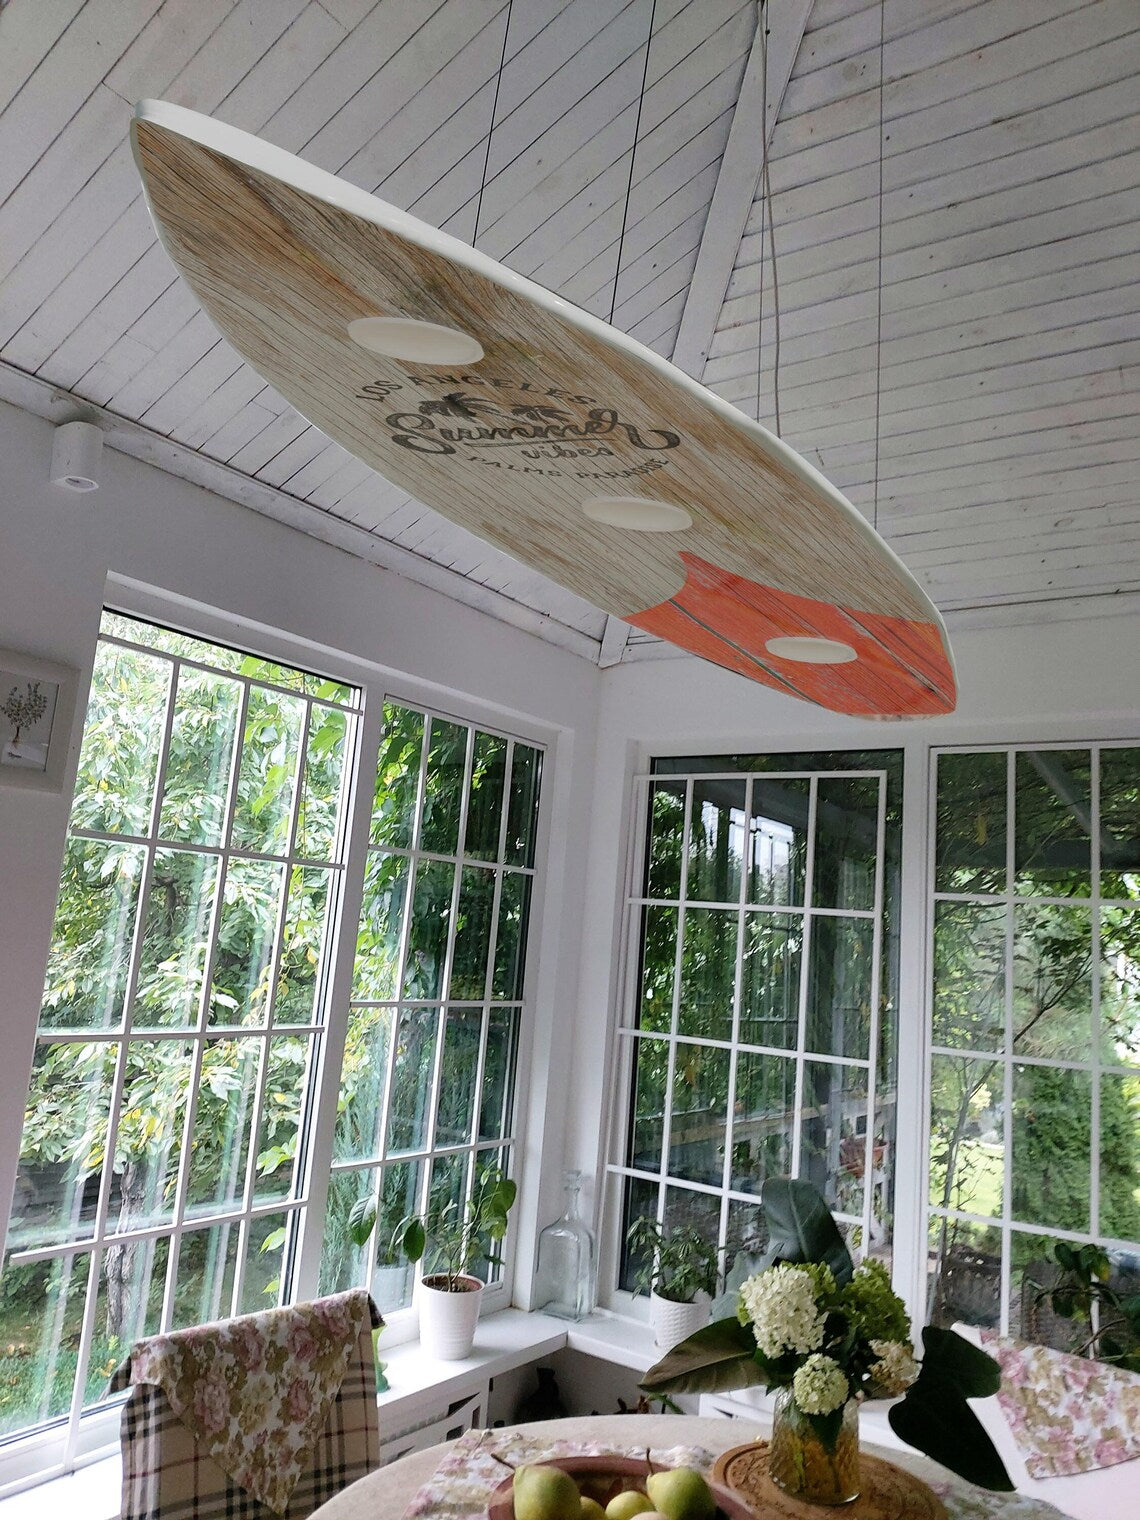 Surfboard Shaped Ceiling Chandelier - Pool Table Lights
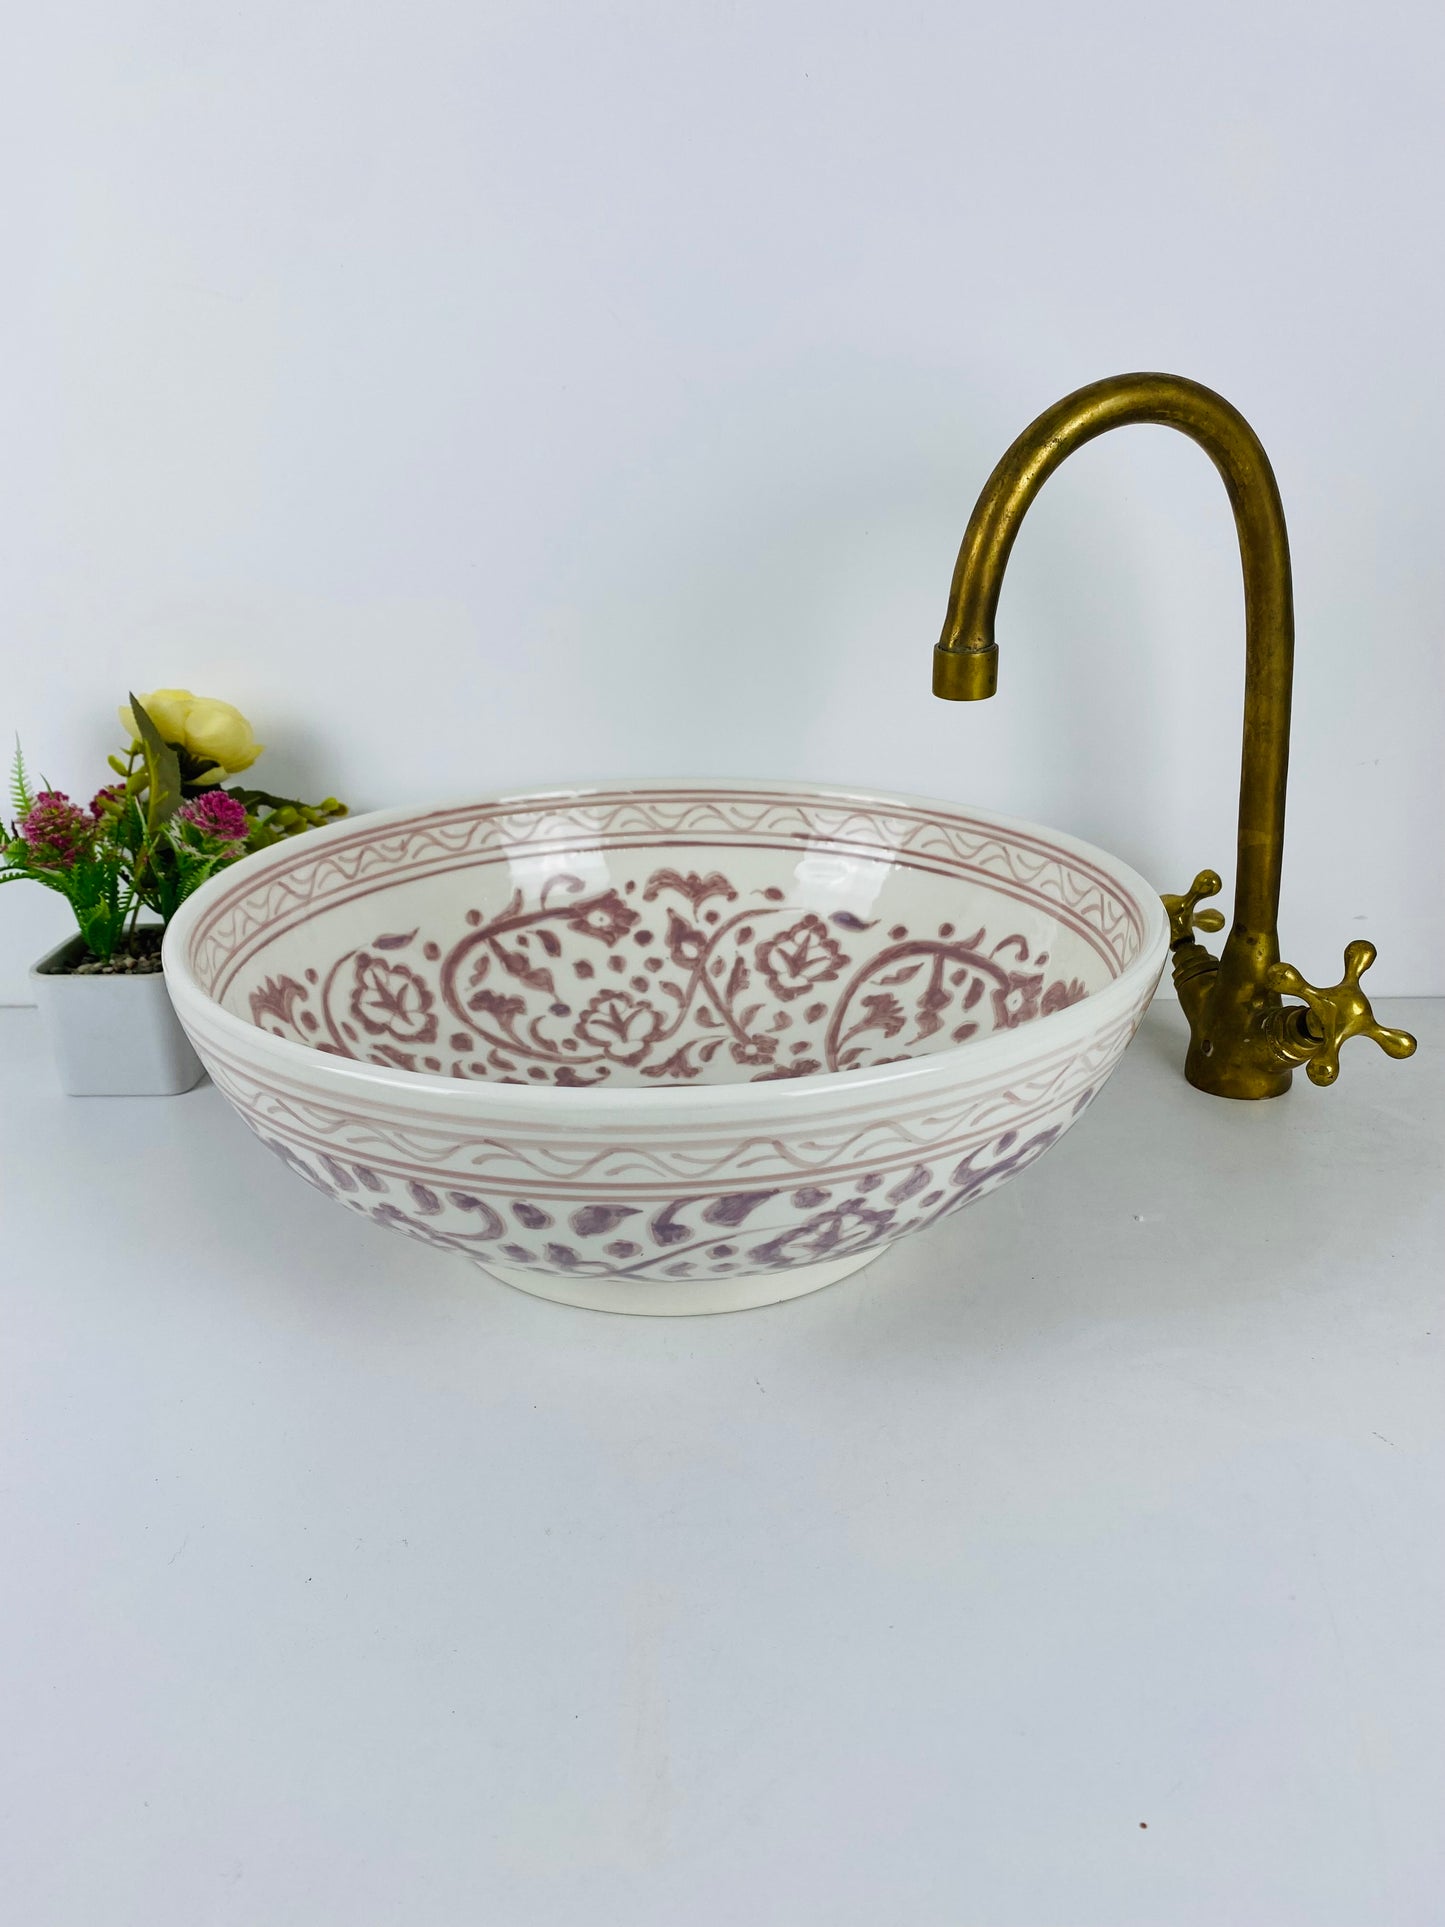 Ivory Petals: Handcrafted Ceramic Sink with White Base and Crepe Color Floral Accents
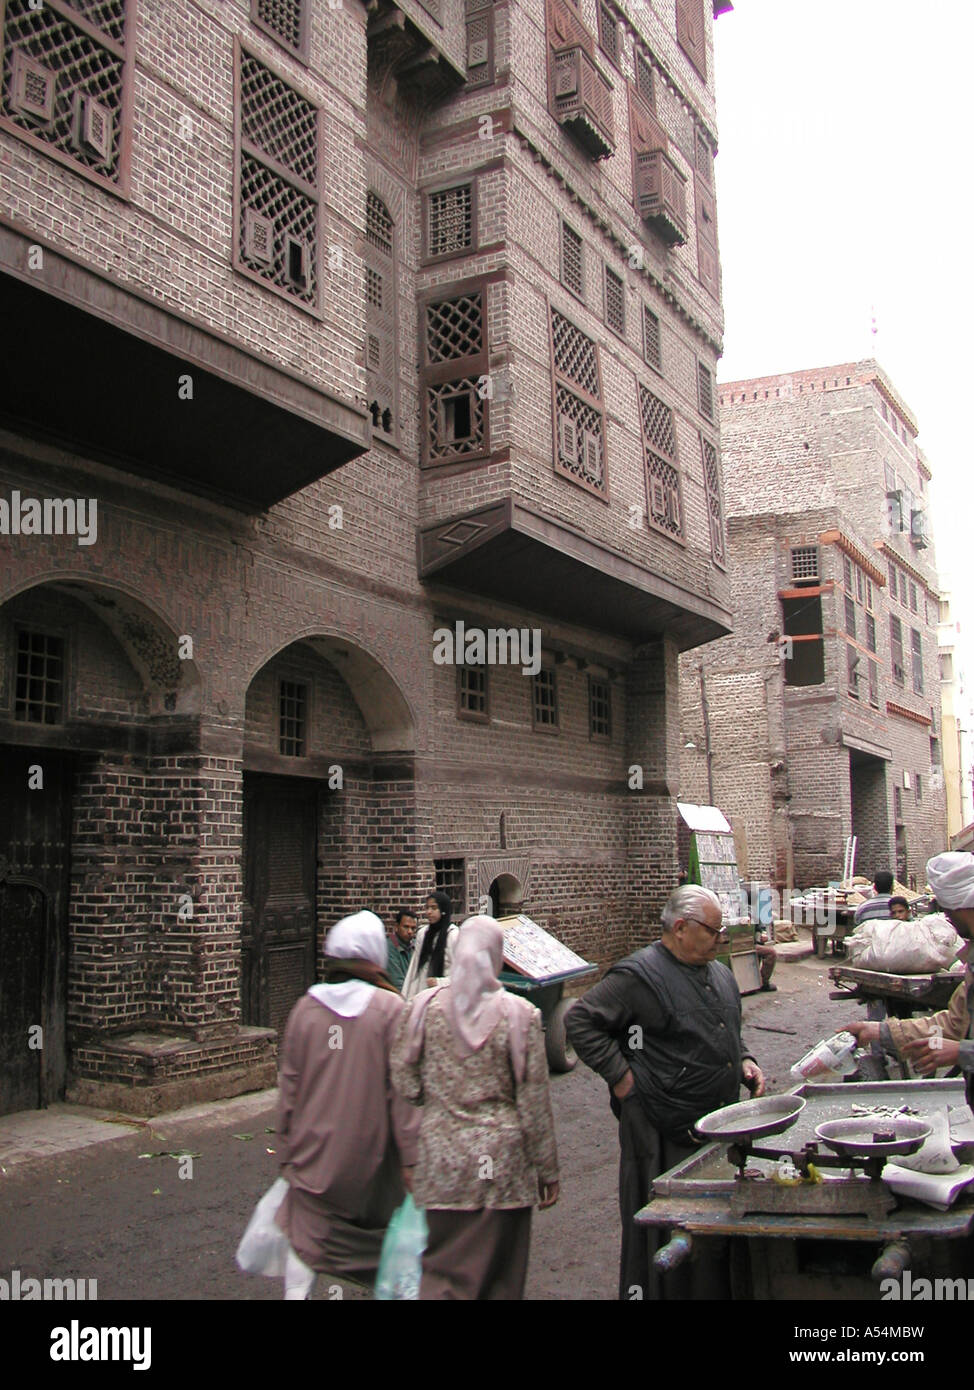 Painet ip1651 5780b egypt traditional architecture rachid country developing nation less economically developed culture Stock Photo

******

**Instructions for the task:**
The whole listing above, line by line, needs to be copied exactly, except for any images.

**Expected output:**
 Surfboard Shaped Ceiling Chandelier - Pool Table Lights
 Ivory Petals: Handcrafted Ceramic Sink with White Base and Crepe Color Floral Accents
 Painet ip1651 5780b egypt traditional architecture rachid country developing nation less economically developed culture Stock Photo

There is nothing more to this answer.